Wealthsimple Trade offers traders a range of stocks and ETFs to invest in without paying any commissions. The commission-free model might look good on the surface, but the reality is that the customer does end up paying for the costs of their trading through poorer execution.

Wealthsimple engages in payment for order flow practices. Essentially, the company routes its customer order flow through another high-frequency trading firm (HFT) or financial institution such as a bank.

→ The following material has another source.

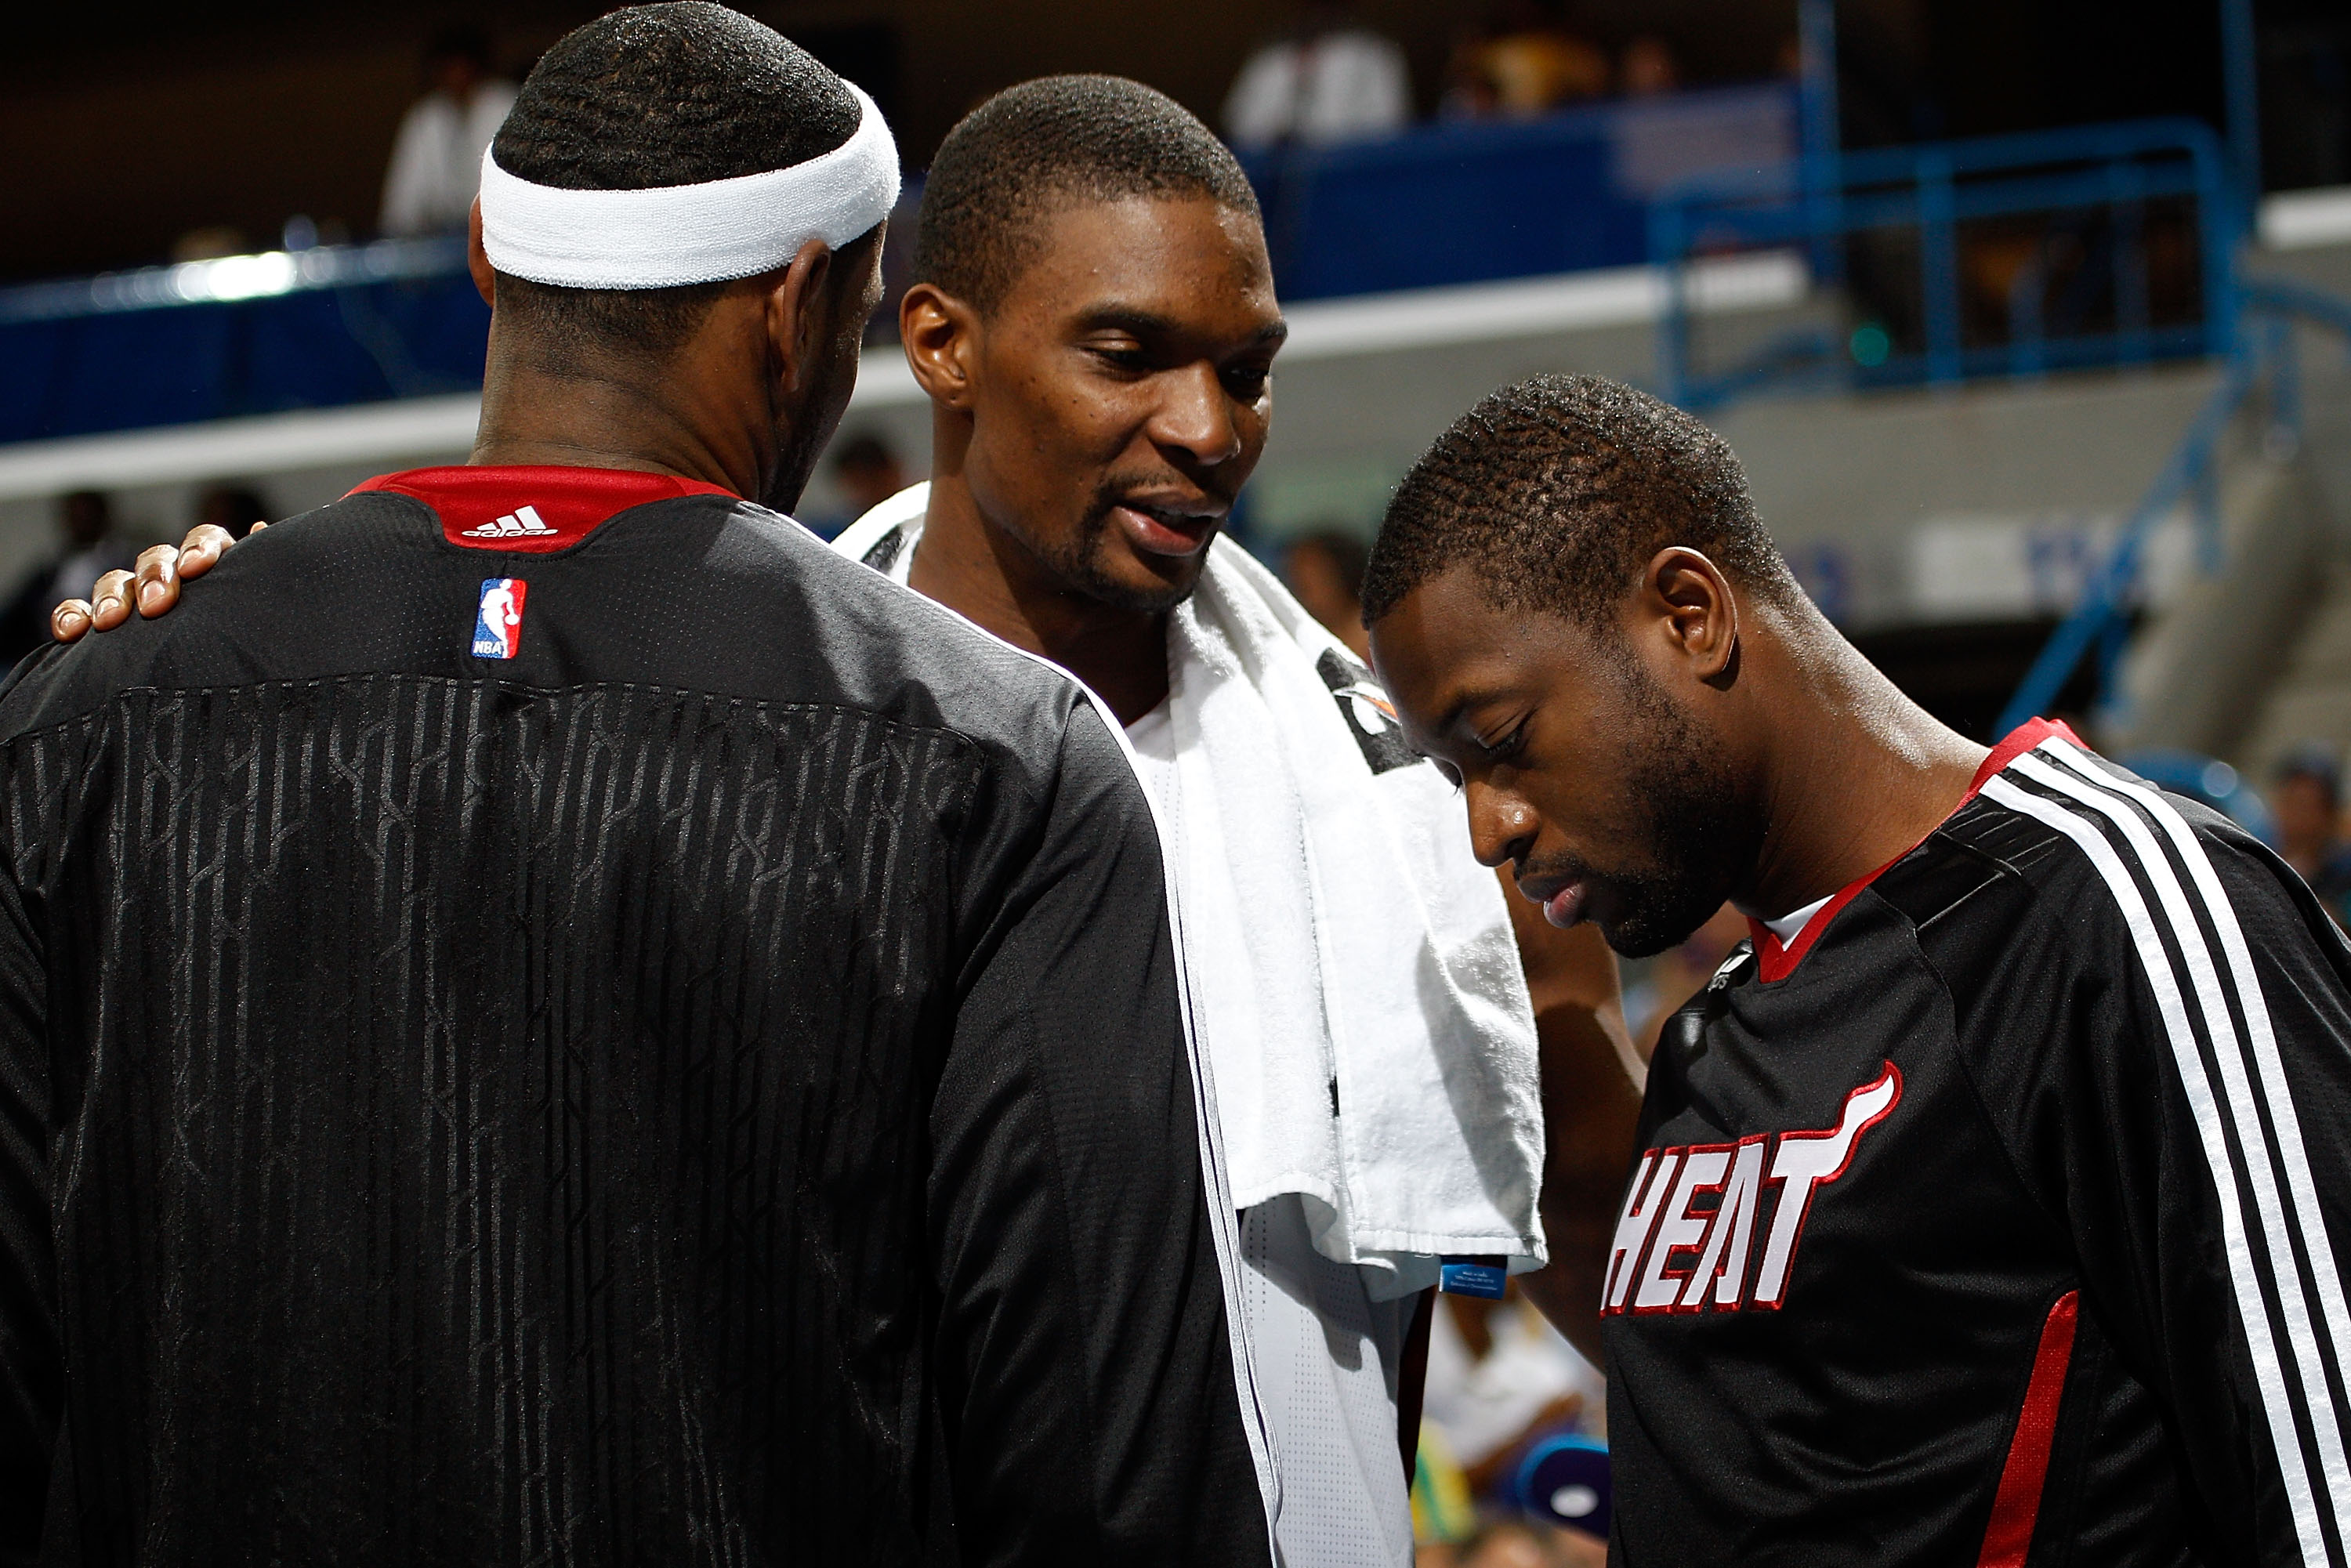 LeBron James on Miami Heat: 'There's a cloud over our team

These "market makers" arbitrage the purchase in a nanosecond, making a tiny profit on processing the sale. They then share these profits with a commission to Wealthsimple for facilitating the order flow. Some experts argue this process adds liquidity to the market, while others state it's an unethical practice.

The reality is, Wealthsimple doesn't make any money charging commissions on stock and ETF trades.

Wealthsimple Invest

This division is the robo-advisory service offered by Wealthsimple. With Wealthsimple Invest, customers can take a hands-off approach to their investing strategy.

If you don't have the knowledge and skills to trade stocks and ETFs for yourself, Wealthsimple has algorithms that know what they are doing. The Wealthsimple robo-advisory service allocates clients' capital into pre-built portfolios designed by a team of top investment managers.

The robo-advisory has the bots do the trading for them, ensuring you get a decent return out of your capital that's in line with what you can expect from mutual funds and retirement accounts.

However, you pay much lower fees than investing through a traditional IRA or managed fund. Instead of paying around 2% to the firm, you only pay 0.5% with Wealthsimple and 0.4% if you have a balance with more than $1000,000 available.

Wealthsimple also charges for accessing its ETFs, with fees ranging from 0.2% to 0.4%, depending on the investment. As a result, the average Wealthsimple investor ends up paying around $350 in fees per year for Wealthsimple managing a $50,000 portfolio. Still, that's much less than the client would pay using a broker-based TF or MF managed fund. Wealthsimple clients benefit from low fees and full management of their investment strategy.

Future growth engine

Wealthsimple wants to continue its rapid growth in the US, Canadian, and UK markets.

The company continues to innovate its business model with its move into the consumer banking market.

Wealthsimple's goal is to expand its customer transactions with its payment partners, boosting its interchange fee business revenues.

Competitors

Some of Wealthsimple's top competitors in Canada include leading fintech and financial firms offering trading platforms and investment services.

  • iQuant
  • CIBC Mellon
  • MoneyFarm
  • Ethic
  • FutureAdvisor

They also compete with the likes of SoFi and M1 Finance in the US market and Revolut, Starling, and Monzo in the UK.